* EXERCISE: Write out the line that contains "Athletic uomo indossa", then every following line to the end of the records below, with no other lines and no changes.

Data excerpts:
_____

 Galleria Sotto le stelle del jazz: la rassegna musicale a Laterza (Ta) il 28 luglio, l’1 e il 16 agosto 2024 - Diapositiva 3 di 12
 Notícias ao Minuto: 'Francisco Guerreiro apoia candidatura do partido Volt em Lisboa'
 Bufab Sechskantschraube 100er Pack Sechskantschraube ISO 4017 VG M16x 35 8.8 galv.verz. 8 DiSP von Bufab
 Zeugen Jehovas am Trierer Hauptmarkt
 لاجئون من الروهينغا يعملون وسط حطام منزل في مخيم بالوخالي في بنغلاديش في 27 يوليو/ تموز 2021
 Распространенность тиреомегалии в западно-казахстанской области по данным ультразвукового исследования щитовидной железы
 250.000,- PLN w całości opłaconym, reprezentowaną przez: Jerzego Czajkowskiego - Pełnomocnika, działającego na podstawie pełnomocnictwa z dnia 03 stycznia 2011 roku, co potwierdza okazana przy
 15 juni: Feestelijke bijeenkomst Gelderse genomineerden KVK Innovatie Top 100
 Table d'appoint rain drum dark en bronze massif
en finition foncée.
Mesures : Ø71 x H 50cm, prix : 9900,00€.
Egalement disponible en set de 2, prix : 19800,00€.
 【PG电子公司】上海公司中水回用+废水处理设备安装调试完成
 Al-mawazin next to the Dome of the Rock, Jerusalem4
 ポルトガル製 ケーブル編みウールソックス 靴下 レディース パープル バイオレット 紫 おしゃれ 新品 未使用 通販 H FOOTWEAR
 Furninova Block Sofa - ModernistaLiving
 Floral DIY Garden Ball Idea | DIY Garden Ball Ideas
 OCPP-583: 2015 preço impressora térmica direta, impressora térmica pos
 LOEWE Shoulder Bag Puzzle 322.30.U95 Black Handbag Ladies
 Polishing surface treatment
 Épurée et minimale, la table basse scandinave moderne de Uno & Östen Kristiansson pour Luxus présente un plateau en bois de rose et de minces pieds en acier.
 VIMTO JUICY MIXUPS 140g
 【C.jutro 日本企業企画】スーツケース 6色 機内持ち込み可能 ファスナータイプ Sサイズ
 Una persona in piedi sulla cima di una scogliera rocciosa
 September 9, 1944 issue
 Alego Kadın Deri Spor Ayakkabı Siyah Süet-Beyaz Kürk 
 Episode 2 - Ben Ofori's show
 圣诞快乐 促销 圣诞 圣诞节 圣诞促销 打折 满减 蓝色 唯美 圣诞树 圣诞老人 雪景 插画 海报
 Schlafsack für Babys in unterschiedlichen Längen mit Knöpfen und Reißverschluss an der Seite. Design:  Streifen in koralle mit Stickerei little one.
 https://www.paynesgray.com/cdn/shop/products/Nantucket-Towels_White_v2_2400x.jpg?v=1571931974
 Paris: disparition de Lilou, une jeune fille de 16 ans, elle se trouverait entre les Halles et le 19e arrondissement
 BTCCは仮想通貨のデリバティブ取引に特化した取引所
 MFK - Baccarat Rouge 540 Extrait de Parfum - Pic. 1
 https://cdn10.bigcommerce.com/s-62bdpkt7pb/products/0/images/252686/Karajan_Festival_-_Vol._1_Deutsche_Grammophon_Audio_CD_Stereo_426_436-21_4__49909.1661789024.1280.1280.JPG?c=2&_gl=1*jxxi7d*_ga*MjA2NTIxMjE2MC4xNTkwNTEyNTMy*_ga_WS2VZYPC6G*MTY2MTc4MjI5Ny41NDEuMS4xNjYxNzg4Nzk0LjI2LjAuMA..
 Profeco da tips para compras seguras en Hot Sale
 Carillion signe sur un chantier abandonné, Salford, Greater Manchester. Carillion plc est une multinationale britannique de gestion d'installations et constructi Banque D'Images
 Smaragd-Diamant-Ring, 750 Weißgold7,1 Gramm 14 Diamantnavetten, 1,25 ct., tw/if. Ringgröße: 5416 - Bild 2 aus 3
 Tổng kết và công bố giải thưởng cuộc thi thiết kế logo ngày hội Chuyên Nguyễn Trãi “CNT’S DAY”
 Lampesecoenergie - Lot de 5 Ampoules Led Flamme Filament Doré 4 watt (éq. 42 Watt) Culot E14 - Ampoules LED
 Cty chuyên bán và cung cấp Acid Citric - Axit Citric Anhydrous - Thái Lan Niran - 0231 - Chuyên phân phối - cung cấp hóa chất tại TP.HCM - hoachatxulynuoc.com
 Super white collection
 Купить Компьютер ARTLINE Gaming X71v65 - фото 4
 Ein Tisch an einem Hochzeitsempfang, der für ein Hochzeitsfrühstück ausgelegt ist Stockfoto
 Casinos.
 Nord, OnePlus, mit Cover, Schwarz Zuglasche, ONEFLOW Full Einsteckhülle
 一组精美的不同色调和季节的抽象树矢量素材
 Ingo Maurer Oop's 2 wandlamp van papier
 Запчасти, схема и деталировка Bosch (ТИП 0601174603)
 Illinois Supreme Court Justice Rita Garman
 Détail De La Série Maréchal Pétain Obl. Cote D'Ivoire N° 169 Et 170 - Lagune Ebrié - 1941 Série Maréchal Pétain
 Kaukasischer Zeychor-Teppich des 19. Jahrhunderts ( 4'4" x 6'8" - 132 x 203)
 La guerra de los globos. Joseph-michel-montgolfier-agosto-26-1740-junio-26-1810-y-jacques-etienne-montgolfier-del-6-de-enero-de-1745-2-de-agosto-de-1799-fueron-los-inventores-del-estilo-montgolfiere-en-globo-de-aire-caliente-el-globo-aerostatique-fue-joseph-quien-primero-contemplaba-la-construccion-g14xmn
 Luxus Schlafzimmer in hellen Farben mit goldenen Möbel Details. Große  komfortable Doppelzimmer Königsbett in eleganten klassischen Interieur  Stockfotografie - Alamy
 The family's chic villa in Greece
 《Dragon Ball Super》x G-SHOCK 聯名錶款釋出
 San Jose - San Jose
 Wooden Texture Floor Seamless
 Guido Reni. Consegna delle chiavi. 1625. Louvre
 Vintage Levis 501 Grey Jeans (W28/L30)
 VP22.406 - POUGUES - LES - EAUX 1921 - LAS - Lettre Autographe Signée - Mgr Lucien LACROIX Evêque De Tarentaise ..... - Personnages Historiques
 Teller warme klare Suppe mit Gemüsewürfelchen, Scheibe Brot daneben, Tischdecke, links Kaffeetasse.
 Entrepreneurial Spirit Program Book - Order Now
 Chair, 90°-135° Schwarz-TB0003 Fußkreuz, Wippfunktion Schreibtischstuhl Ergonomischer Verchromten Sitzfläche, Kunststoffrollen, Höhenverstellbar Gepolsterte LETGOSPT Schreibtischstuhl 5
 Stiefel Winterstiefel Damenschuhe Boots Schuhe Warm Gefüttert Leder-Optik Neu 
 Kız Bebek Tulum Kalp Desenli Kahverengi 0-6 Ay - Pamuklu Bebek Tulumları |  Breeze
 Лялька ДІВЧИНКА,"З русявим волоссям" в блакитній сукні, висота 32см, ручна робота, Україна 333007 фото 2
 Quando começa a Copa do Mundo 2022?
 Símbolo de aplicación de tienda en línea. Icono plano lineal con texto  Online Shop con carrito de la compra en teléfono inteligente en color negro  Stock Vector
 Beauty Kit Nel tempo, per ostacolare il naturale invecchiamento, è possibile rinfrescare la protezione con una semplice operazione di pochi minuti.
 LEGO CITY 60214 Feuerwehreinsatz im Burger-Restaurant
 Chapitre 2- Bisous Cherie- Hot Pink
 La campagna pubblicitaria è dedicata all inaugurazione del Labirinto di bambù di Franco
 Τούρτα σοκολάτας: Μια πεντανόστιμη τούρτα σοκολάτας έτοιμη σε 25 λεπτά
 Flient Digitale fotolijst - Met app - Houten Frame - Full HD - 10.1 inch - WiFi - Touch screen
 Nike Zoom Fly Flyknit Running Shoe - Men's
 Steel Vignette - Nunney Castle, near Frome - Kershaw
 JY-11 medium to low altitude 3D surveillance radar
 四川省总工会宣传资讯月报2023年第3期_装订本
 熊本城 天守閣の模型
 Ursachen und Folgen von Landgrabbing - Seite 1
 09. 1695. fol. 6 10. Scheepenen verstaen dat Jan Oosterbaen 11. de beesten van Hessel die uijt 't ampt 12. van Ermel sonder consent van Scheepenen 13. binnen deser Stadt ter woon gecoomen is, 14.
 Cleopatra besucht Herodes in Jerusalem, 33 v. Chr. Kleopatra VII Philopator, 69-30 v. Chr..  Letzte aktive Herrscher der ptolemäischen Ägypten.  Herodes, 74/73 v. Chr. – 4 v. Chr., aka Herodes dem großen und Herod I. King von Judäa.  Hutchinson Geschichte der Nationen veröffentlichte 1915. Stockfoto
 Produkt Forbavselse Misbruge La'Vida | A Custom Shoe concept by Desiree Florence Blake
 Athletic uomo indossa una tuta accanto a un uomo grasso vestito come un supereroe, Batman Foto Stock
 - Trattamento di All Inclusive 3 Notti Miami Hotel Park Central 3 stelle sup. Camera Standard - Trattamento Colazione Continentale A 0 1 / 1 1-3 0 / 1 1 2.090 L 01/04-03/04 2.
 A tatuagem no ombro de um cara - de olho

_____

* REPLY:
 Athletic uomo indossa una tuta accanto a un uomo grasso vestito come un supereroe, Batman Foto Stock
 - Trattamento di All Inclusive 3 Notti Miami Hotel Park Central 3 stelle sup. Camera Standard - Trattamento Colazione Continentale A 0 1 / 1 1-3 0 / 1 1 2.090 L 01/04-03/04 2.
 A tatuagem no ombro de um cara - de olho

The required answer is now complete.